* [Record extracts]:
§
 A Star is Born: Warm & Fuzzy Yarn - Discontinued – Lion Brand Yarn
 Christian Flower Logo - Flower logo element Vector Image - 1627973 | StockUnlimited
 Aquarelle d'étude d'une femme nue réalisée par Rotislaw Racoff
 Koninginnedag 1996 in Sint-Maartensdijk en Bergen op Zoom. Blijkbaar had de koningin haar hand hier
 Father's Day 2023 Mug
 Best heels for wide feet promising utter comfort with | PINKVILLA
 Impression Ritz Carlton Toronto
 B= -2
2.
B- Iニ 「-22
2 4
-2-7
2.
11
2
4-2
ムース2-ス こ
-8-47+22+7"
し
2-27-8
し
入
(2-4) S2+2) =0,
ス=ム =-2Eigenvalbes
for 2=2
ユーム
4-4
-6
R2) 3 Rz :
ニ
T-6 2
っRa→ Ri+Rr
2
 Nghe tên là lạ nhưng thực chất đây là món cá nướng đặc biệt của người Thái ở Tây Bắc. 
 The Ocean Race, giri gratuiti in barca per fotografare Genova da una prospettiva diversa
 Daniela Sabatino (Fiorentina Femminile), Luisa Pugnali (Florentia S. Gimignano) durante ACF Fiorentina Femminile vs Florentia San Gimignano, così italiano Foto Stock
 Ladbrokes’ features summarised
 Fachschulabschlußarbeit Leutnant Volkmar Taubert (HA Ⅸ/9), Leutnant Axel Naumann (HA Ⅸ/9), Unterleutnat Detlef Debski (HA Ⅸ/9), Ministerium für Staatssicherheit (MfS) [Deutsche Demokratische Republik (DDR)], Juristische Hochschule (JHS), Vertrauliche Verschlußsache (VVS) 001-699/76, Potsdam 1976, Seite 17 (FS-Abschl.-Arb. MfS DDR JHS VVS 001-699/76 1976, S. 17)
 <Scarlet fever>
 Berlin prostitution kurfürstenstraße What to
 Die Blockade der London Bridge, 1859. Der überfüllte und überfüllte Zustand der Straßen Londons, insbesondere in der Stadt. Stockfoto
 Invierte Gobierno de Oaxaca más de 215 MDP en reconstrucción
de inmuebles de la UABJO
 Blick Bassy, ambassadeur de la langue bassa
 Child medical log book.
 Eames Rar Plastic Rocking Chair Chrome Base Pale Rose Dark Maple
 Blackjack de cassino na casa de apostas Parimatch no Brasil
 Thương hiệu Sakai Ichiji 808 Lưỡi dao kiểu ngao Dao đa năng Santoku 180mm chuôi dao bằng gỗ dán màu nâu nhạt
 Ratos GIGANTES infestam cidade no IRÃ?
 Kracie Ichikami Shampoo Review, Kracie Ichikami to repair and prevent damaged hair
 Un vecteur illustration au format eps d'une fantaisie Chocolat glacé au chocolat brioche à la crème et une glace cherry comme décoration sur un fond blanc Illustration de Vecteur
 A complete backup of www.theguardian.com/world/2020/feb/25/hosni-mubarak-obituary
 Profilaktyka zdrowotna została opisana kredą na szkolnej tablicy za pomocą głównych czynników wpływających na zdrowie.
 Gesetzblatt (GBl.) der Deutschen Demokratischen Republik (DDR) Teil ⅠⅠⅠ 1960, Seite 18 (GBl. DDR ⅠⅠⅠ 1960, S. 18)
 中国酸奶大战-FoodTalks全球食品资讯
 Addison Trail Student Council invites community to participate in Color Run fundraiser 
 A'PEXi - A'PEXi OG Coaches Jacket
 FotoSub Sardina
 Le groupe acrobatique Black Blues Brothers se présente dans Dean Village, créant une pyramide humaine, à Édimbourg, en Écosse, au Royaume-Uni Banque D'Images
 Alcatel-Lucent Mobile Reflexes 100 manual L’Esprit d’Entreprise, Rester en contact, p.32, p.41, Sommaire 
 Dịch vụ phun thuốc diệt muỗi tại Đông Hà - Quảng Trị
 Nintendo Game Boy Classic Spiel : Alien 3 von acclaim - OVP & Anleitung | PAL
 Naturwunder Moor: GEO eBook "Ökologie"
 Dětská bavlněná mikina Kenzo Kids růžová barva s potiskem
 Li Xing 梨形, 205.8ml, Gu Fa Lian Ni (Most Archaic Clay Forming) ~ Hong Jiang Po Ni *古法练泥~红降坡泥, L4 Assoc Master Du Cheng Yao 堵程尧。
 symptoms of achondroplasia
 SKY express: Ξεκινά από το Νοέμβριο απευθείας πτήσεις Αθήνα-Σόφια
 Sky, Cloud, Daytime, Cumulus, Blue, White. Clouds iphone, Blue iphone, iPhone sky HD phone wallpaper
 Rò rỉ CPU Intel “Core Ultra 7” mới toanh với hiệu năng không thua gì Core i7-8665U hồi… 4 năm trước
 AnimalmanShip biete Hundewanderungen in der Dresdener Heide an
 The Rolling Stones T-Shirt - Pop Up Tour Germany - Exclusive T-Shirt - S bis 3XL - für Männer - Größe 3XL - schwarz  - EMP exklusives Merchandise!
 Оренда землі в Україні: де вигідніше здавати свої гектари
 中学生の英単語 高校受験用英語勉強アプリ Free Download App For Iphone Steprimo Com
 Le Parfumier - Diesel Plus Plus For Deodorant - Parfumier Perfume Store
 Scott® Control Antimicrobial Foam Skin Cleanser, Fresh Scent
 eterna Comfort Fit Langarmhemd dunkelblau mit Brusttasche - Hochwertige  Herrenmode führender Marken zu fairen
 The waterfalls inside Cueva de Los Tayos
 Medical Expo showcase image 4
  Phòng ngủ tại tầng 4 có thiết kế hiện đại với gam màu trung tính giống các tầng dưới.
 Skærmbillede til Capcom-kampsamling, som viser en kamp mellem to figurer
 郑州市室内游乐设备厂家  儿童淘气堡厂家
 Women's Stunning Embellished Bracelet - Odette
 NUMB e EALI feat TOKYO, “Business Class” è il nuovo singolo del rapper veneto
§
* [Exercise directions]: Copy out exactly the lines between the line with "Sky, Cloud, Daytime, Cumulus, Blue, White." and the last line of the entries, counting both of those lines.

* [Written reply]:
 Sky, Cloud, Daytime, Cumulus, Blue, White. Clouds iphone, Blue iphone, iPhone sky HD phone wallpaper
 Rò rỉ CPU Intel “Core Ultra 7” mới toanh với hiệu năng không thua gì Core i7-8665U hồi… 4 năm trước
 AnimalmanShip biete Hundewanderungen in der Dresdener Heide an
 The Rolling Stones T-Shirt - Pop Up Tour Germany - Exclusive T-Shirt - S bis 3XL - für Männer - Größe 3XL - schwarz  - EMP exklusives Merchandise!
 Оренда землі в Україні: де вигідніше здавати свої гектари
 中学生の英単語 高校受験用英語勉強アプリ Free Download App For Iphone Steprimo Com
 Le Parfumier - Diesel Plus Plus For Deodorant - Parfumier Perfume Store
 Scott® Control Antimicrobial Foam Skin Cleanser, Fresh Scent
 eterna Comfort Fit Langarmhemd dunkelblau mit Brusttasche - Hochwertige  Herrenmode führender Marken zu fairen
 The waterfalls inside Cueva de Los Tayos
 Medical Expo showcase image 4
  Phòng ngủ tại tầng 4 có thiết kế hiện đại với gam màu trung tính giống các tầng dưới.
 Skærmbillede til Capcom-kampsamling, som viser en kamp mellem to figurer
 郑州市室内游乐设备厂家  儿童淘气堡厂家
 Women's Stunning Embellished Bracelet - Odette
 NUMB e EALI feat TOKYO, “Business Class” è il nuovo singolo del rapper veneto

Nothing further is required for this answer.